Depression is something that is on the increase across the world and is receiving more and more attention as the consequences become fully appreciated. But why have the Dutch been singled out as being more depressive than other nations? How can a country that pulls in medals in the Happiness Olympics suddenly hold the title of the European Champions of Depression?

This conclusion is nothing new. There is a history of depression in the Netherlands. In 2007, the Dutch were the third most depressed in Europe. But it would seem that things have got worse not better.

Psychiatrist Jan Swinkels told the Volkskrant that we shouldn't place too much importance on the results of this research. He claims the Dutch are indeed a somber group but culture plays a big role and there is no more help needed here than in neighbouring countries.

I can add some personal experience to this discussion. A Dutch company doctor working in an international organisation explained once that in his experience it is usually the Dutch and other northern europeans who are the ones sitting at home on sick leave with a burn out because they struggle to deal with the more relaxed attitude to work of other European nationals. In other words there is a serious culture clash in the working environment. The countries he mentioned generally fare very well in the happiness research.

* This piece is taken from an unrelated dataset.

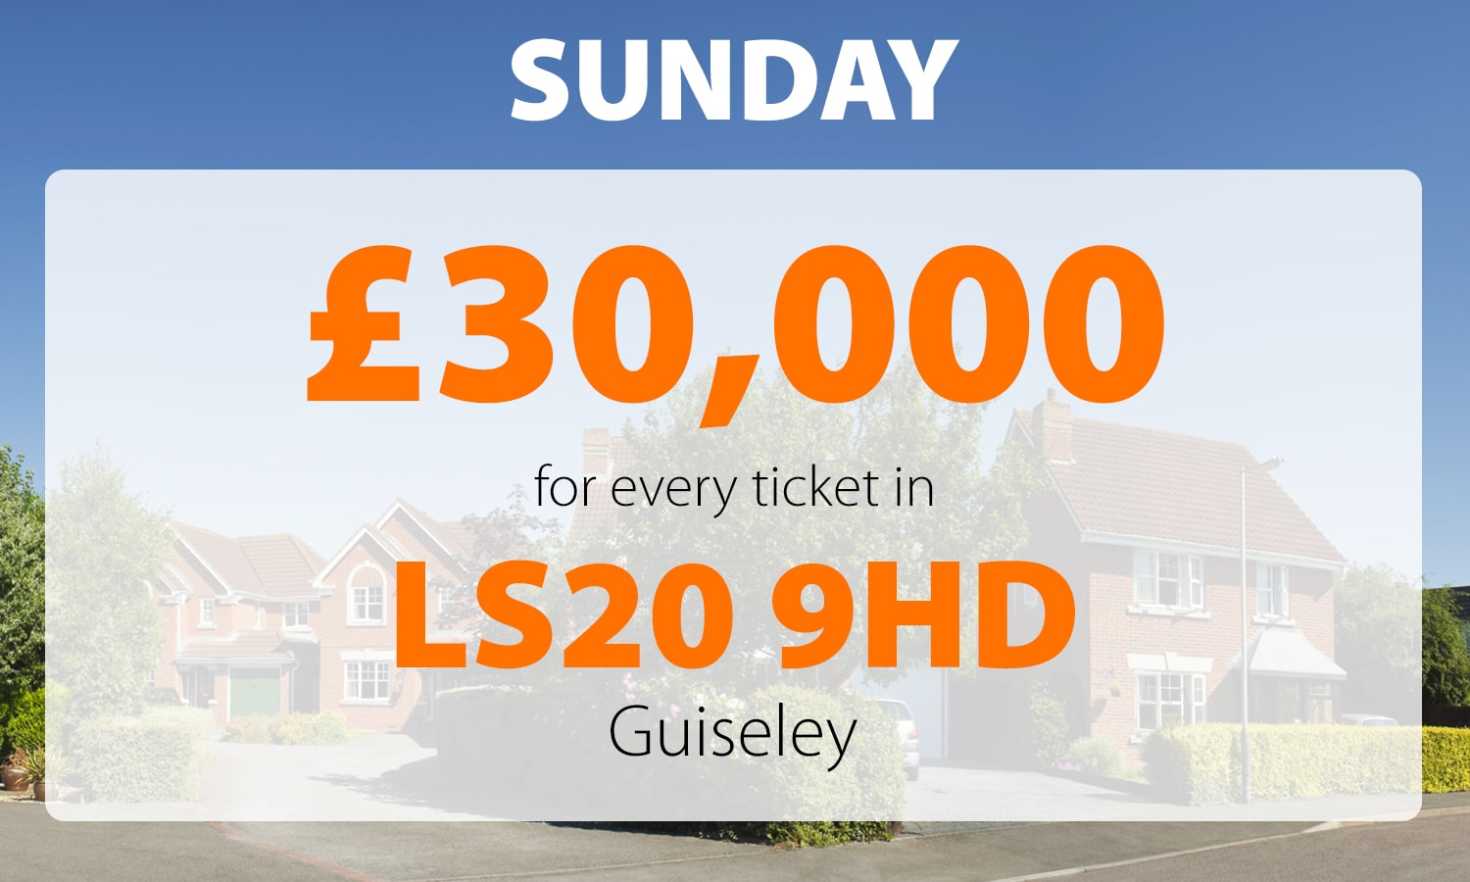 One lucky winner from Guiseley has scooped an amazing £30,000 in Sunday's Street Prize

Is Dutch happiness so precarious that anything disrupting the usual balance causes a hurtling into depression? Do the Dutch have high expectations that cannot always be met? Is it as some suggest related to the gloomy weather in the Netherlands? This latest report suggests that the even gloomier, darker days in countries further north in Europe play an insignificant role in the depression levels so it is unlikely that this alone explains anything.

I don't have an answer, and so far I haven't seen anyone else offering a nice perfect fit answer. But of course it is possible to be both a happy nation and one with a slightly higher level of depression than surrounding countries, without being bipolar. Depression is a very individual state, as is happiness.

On a final note, do you remember how this blog post began? "If you are raising children then the Netherlands is the place to be." Well, actually that wasn't strictly true. That statement applies to Dutch children. If you are an expat parent, you shouldn't live in the Netherlands. At least, that's the message from the latest report from the HSBC Expat Explorer's survey. When it comes to raising children overseas the Netherlands plummets to 19th place (of 24). That is not a good result. Not good at all. Not for the country that is used to picking up all those happiness awards.